I think that any self-respecting Marxist would find lots to comment on in the way in which Machiavelli talks about manipulation of the populace to ensure power. This finds so many parallels in the way that Marx wrote about how power remained concentrated in the hands of the elite and how that power was based on manipulation.
For someone hoping to be the leader of a Marxist society, The Prince certainly provides helpful advice for maintaining power and controlling humans' thoughts and actions. However, a savvy Marxist would most likely not admit that he is following the teachings of The Prince because the average person who follows Marxist philosophy would not be attracted to a leader who proposes "dog-eat-dog" rule. Thus, Marxism seems to play out realistically in a Machiavellian style, but it would be highly unusual for a Marxist leader to publicly promote the philosophy of The Prince.
This has indeed been an interesting discussion. I would suggest that most of the Marxist regimes that have actually existed in the twentieth century (and the few that presently survive) have used techniques we commonly think of as Machiavellian. This is especially true of such Marxist rulers as Stalin, Mao, Kim Il Sung, et al., not to mention many of the Marxist rulers of Eastern Europe. Apparently Ramond Aron argued for similarities between Marxism and Machiavellianism in an essay summarized in the link below. My own sense is that the two philosophies (at least as Machiavelli's ideas are commonly understood) have much in common, especially when Marxism is actually put into practice rather than simply treated as a theory.
This has been an interesting debate. Although number 3 makes some practical points, I am not sure Machiavelli and Marx really go hand in hand. Machiavelli's ruler does not necessarily have the people's best interests at heart, and is clearly superior than his people.
It's important to remember that Machiavelli is writing in a world not yet experiencing the economic and social changes that Marx witnessed in his own age. He didn't think in terms of social classes, not in the way that Marx did, anyway.

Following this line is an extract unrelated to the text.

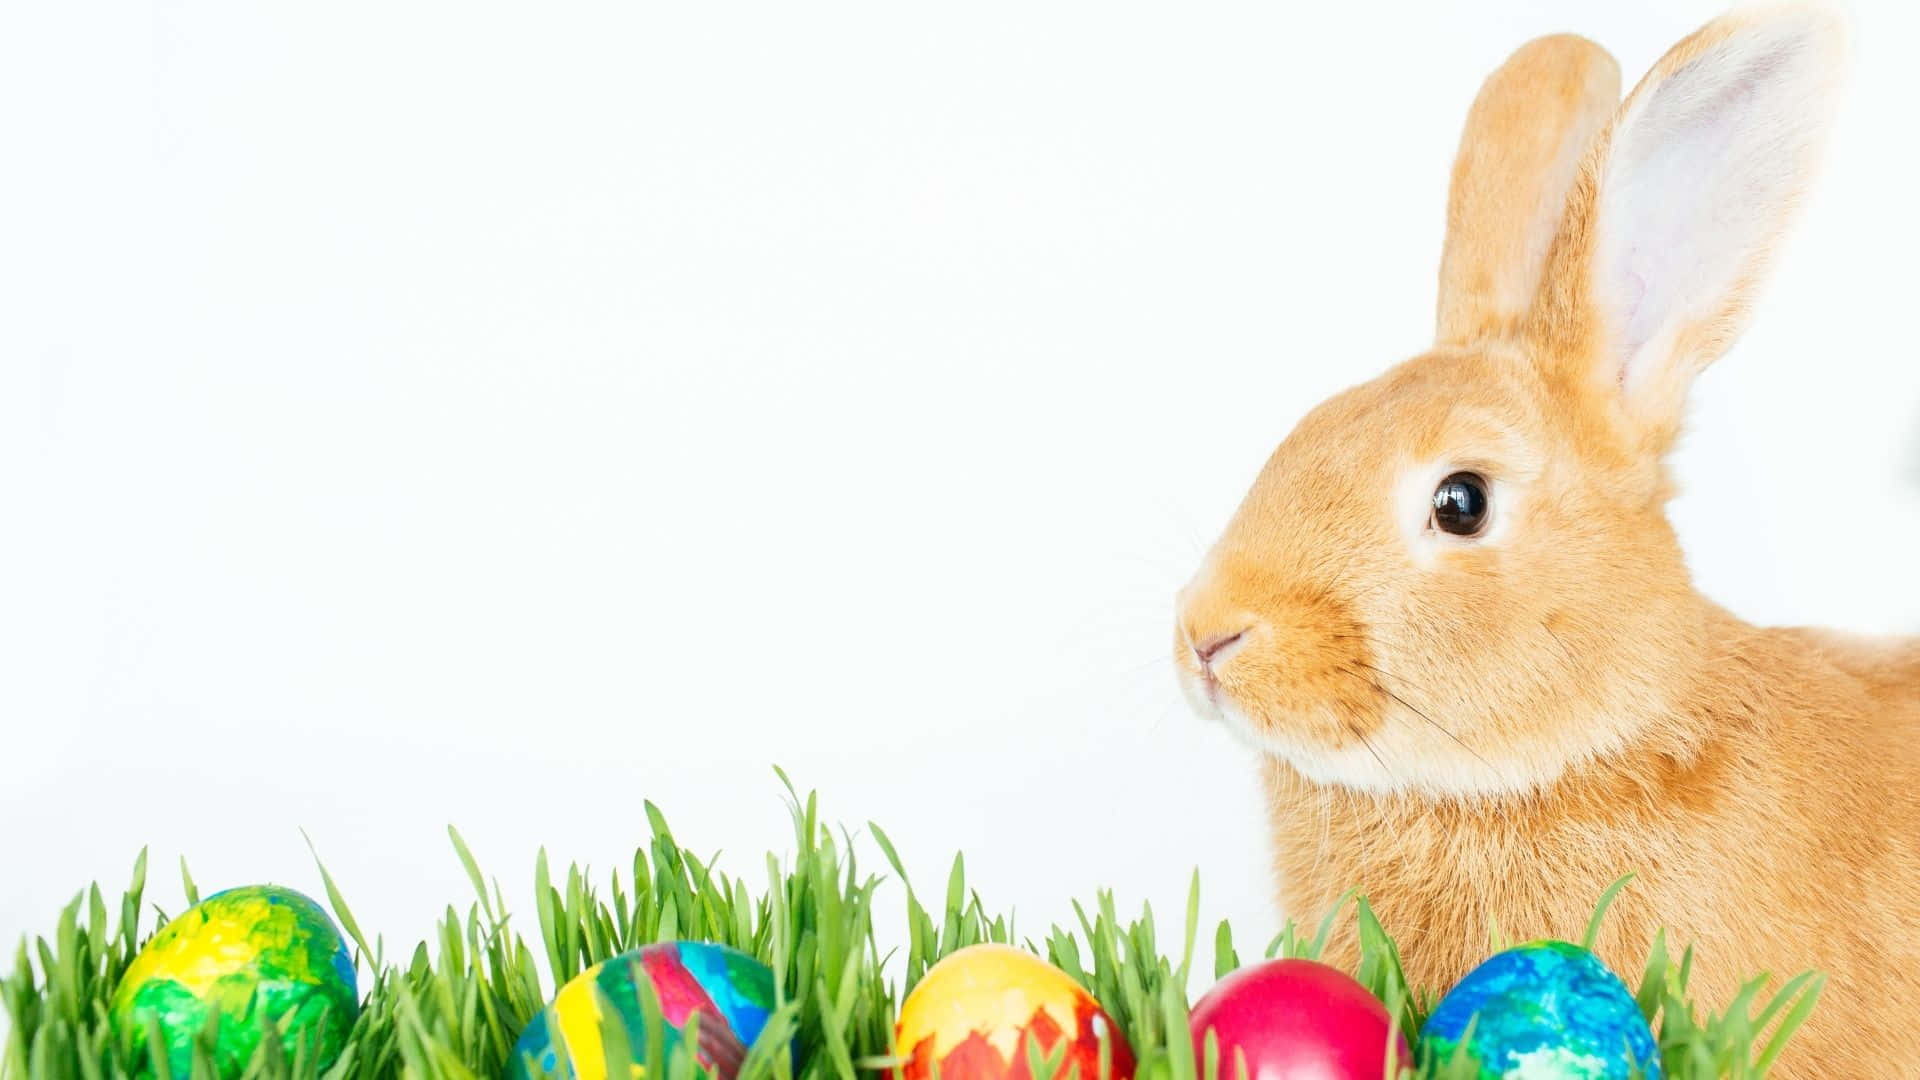 "Spread love and joy this holiday season with the Easter Bunny!" Wallpaper

That said, in some ways, Marx did for market relations what Machiavelli did for political relations. They both understood them in their modern forms as being divorced completely from any notion of morality, and argued that their respective subjects could best be understood if examined rationally.
I do not agree with the previous answer. I would argue that Marxists would see The Prince as a valuable guidebook for a ruler. It is true that they would argue that class struggle is important, but Machiavelli's work could easily be seen as good advice for the ruler in a Marxist society.
Marxism argues that a society typically needs to have a vanguard party that will impose a dictatorship of the proletariat. The leader of such a party would surely need to act in ways similar to those that Machiavelli advocates. The leader would need to use all possible means to maintain control over the country as he moves it towards true communism.
Machiavelli's is a practical guide for the ruler, not a prescription for what the social and class structure of a society should look like. Marxists would be drawn to the practical advice for keeping control over a population.
This is an interesting question. The answer would depend on how you read Machiavelli's Prince. If you think that the Prince is a satire, then a supporter of Marxism may actually look favorably upon it, because the Prince shows the evils of power and class struggle in the worst possible light as rulers ruthlessly subject "workers" and even seek to overcome their neighboring cities. The reasoning is that the Prince shows the evils of a non-communistic framework is such an evil light that communism may be the only logical outcome.
If a person take the Prince as actually advice, then a supporter of Marxism would be appalled by what it states. It goes completely against the teachings of Marx and Engels. Marxism in a nut shell is about the class struggle of the working class and there is nothing of this in Machiavelli's work.